# DATA SEGMENT
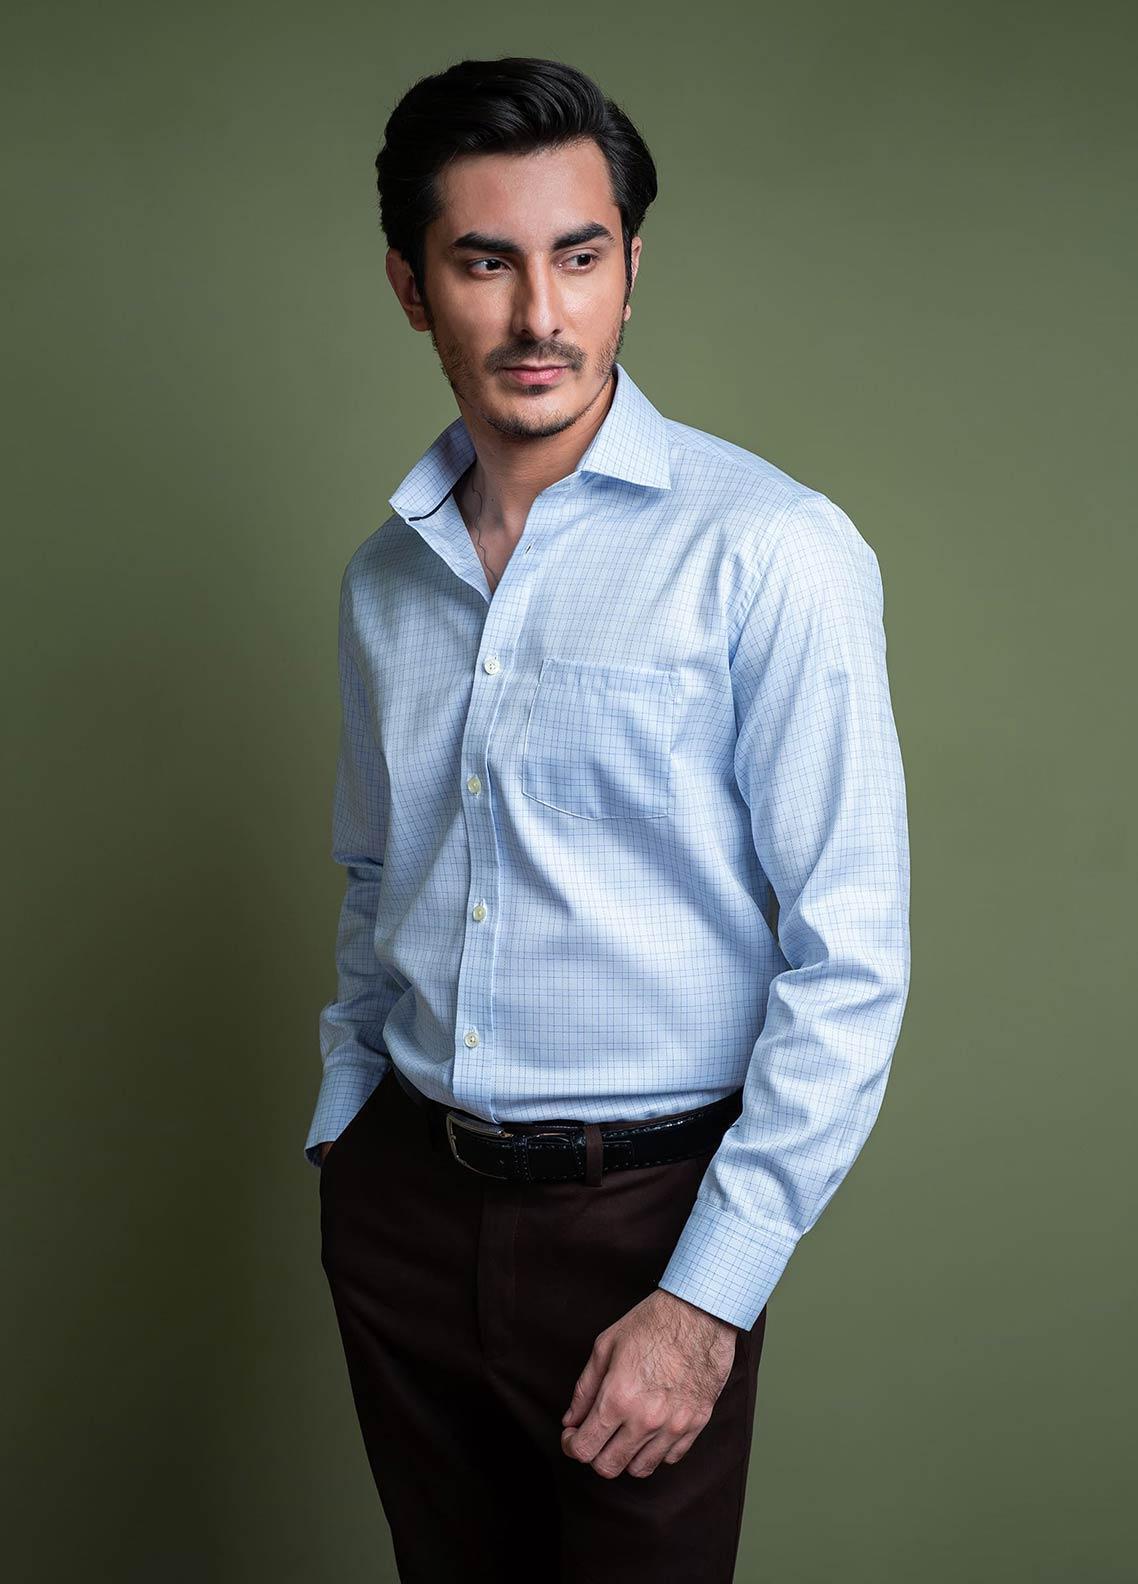 Brumano Cotton Formal Shirts for Men -  BM20SH Sky Blue Formal Check Shirt With Cutaway Collar
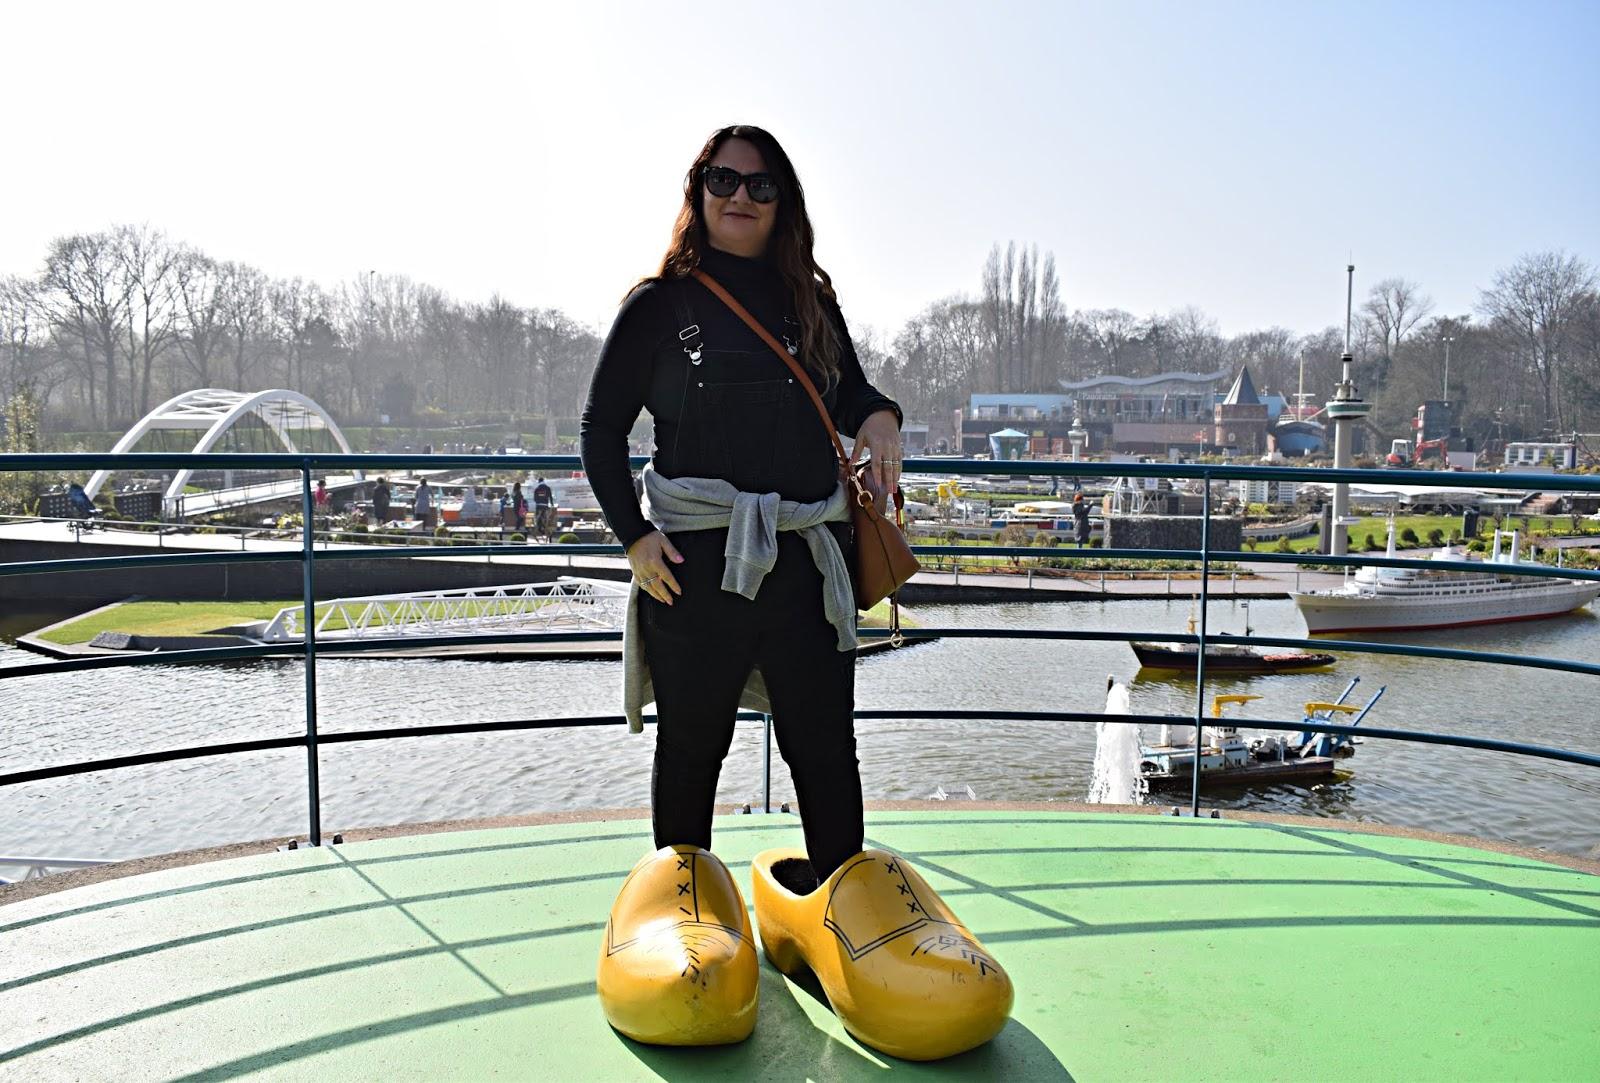 Madurodam & Den Haag day trip from Amsterdam
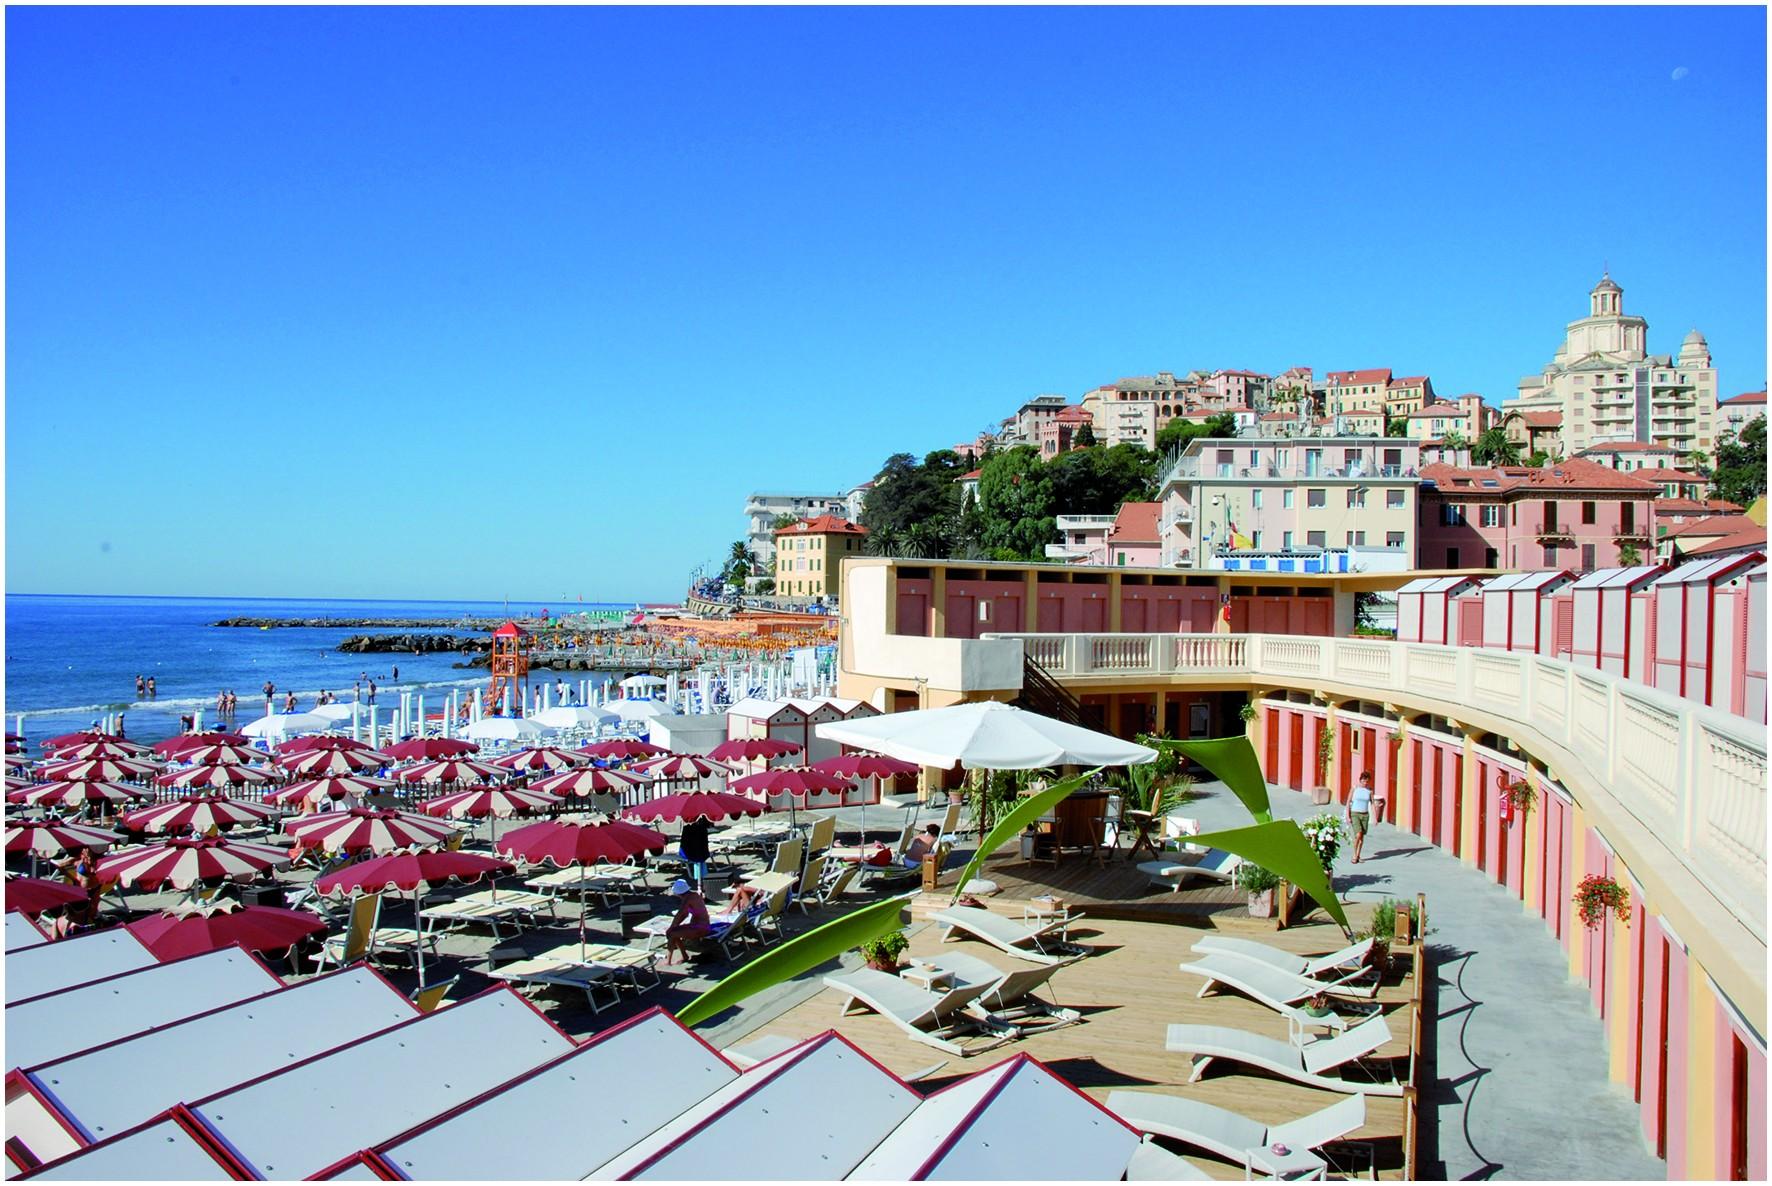 The Spiaggia d Oro The Golden Beach of Imperia

# PROBLEM TO WORK ON
The listing above must be retyped word for word, without the pictures.

# WRITTEN SOLUTION
 Brumano Cotton Formal Shirts for Men -  BM20SH Sky Blue Formal Check Shirt With Cutaway Collar
 Madurodam & Den Haag day trip from Amsterdam
 The Spiaggia d Oro The Golden Beach of Imperia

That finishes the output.